*DATASET SECTION*.
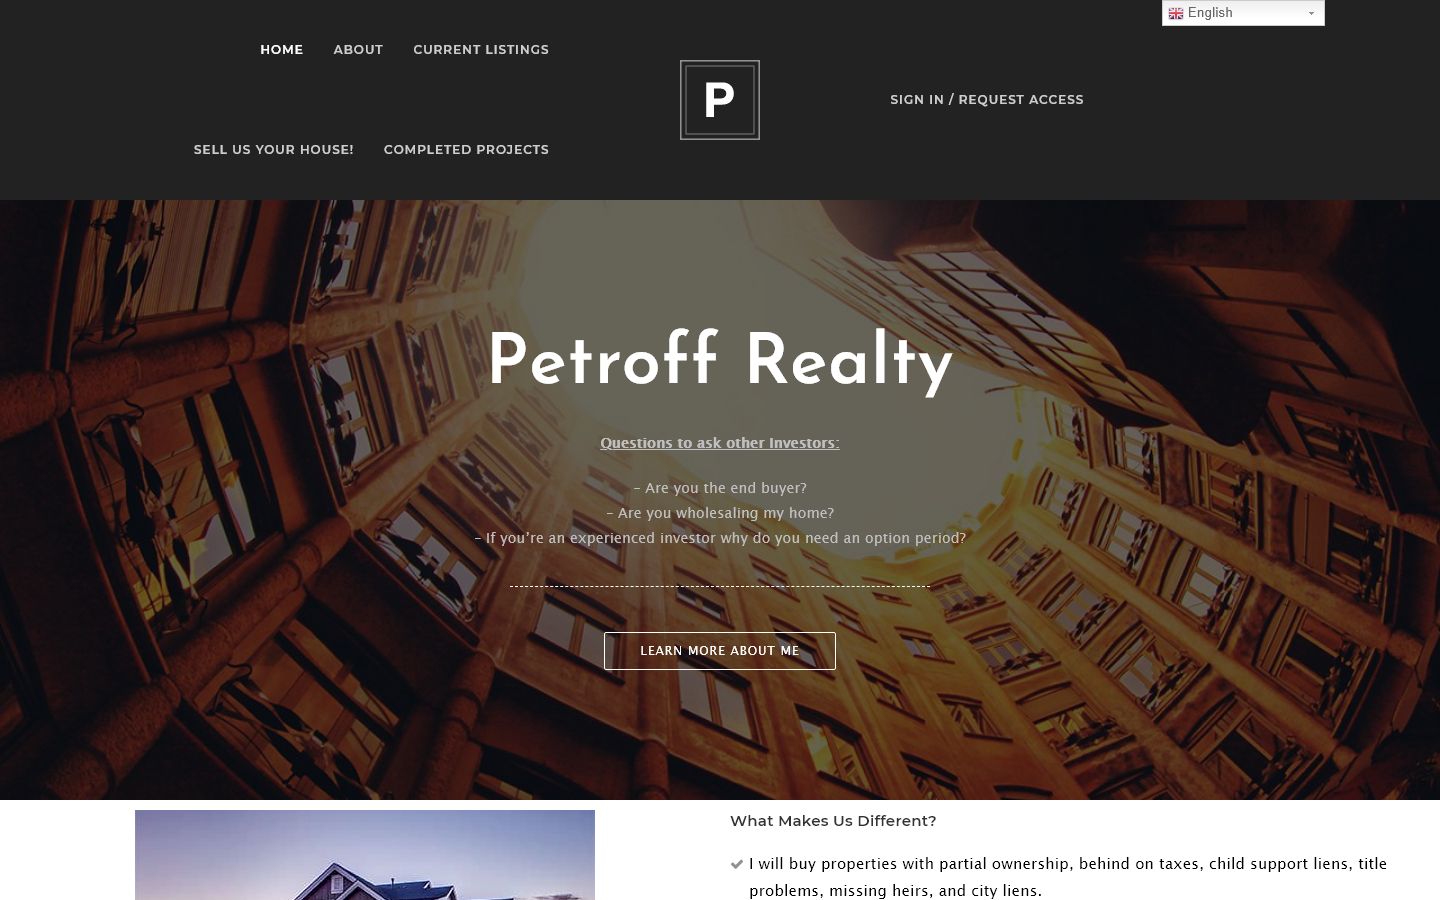 Petroff Realty
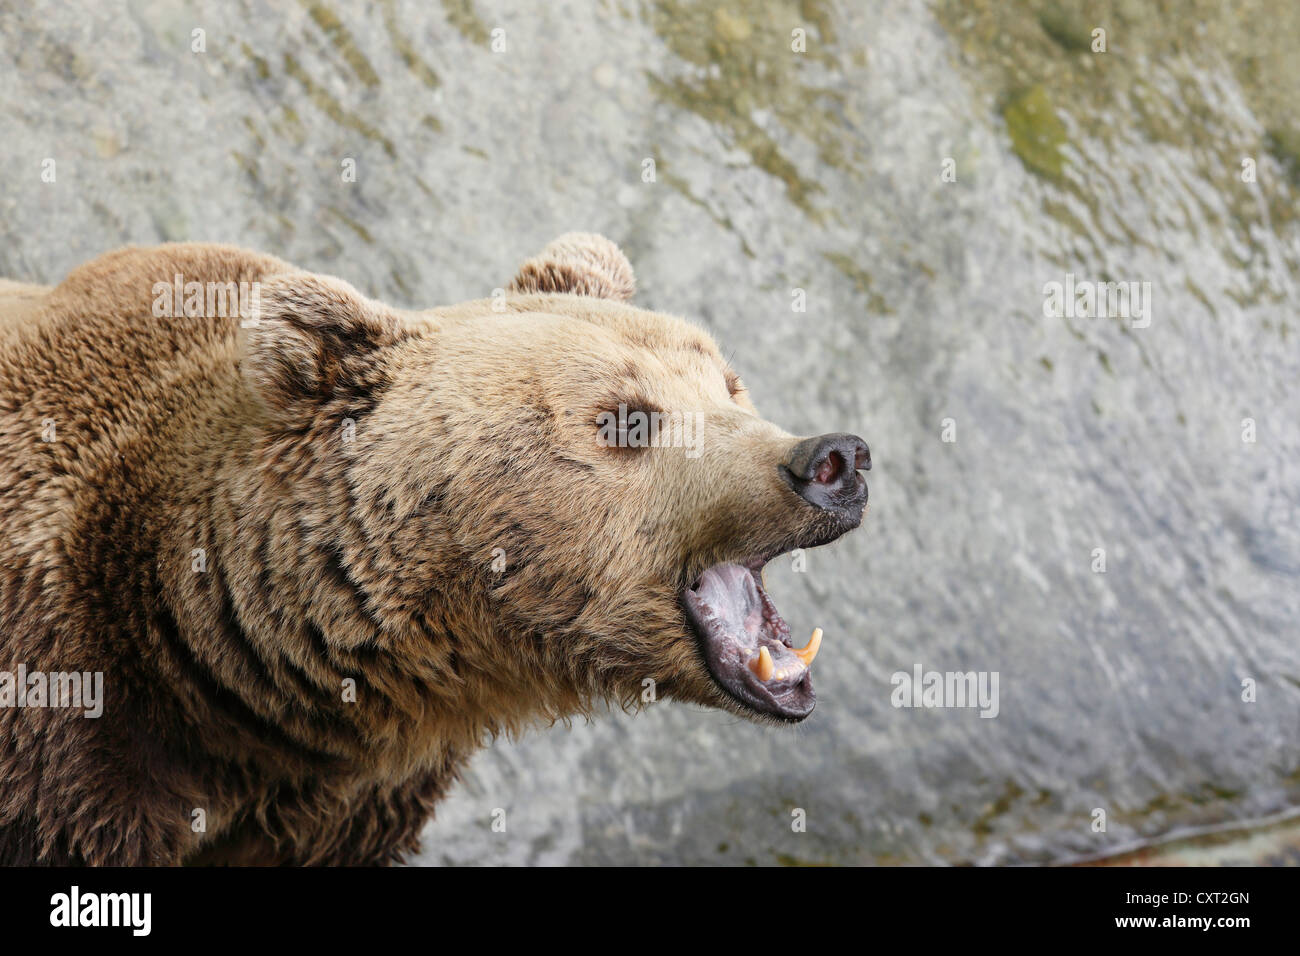 Brown bear (Ursus arctos), Cumberland Deer Park Gruenau, Salzkammergut region, Upper Austria, Austria, Europe Stock Photo
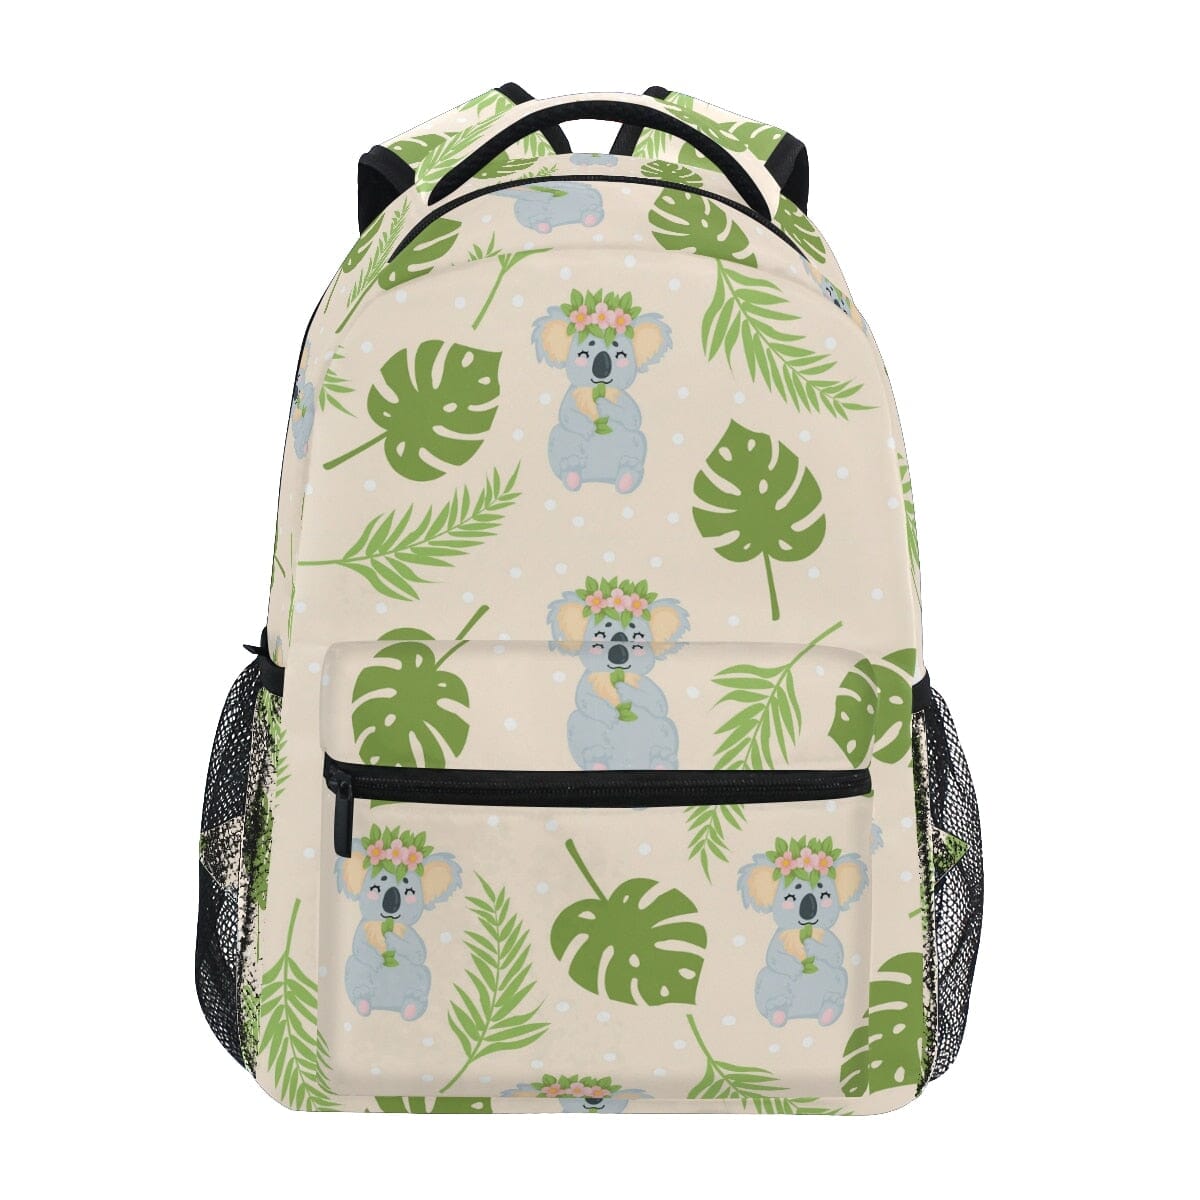 Koala Backpack The Store Bags 04

*ACTIVITY*. Restate all of the data word for word and include no pictures.

*TASK ANSWER*.
 Petroff Realty
 Brown bear (Ursus arctos), Cumberland Deer Park Gruenau, Salzkammergut region, Upper Austria, Austria, Europe Stock Photo
 Koala Backpack The Store Bags 04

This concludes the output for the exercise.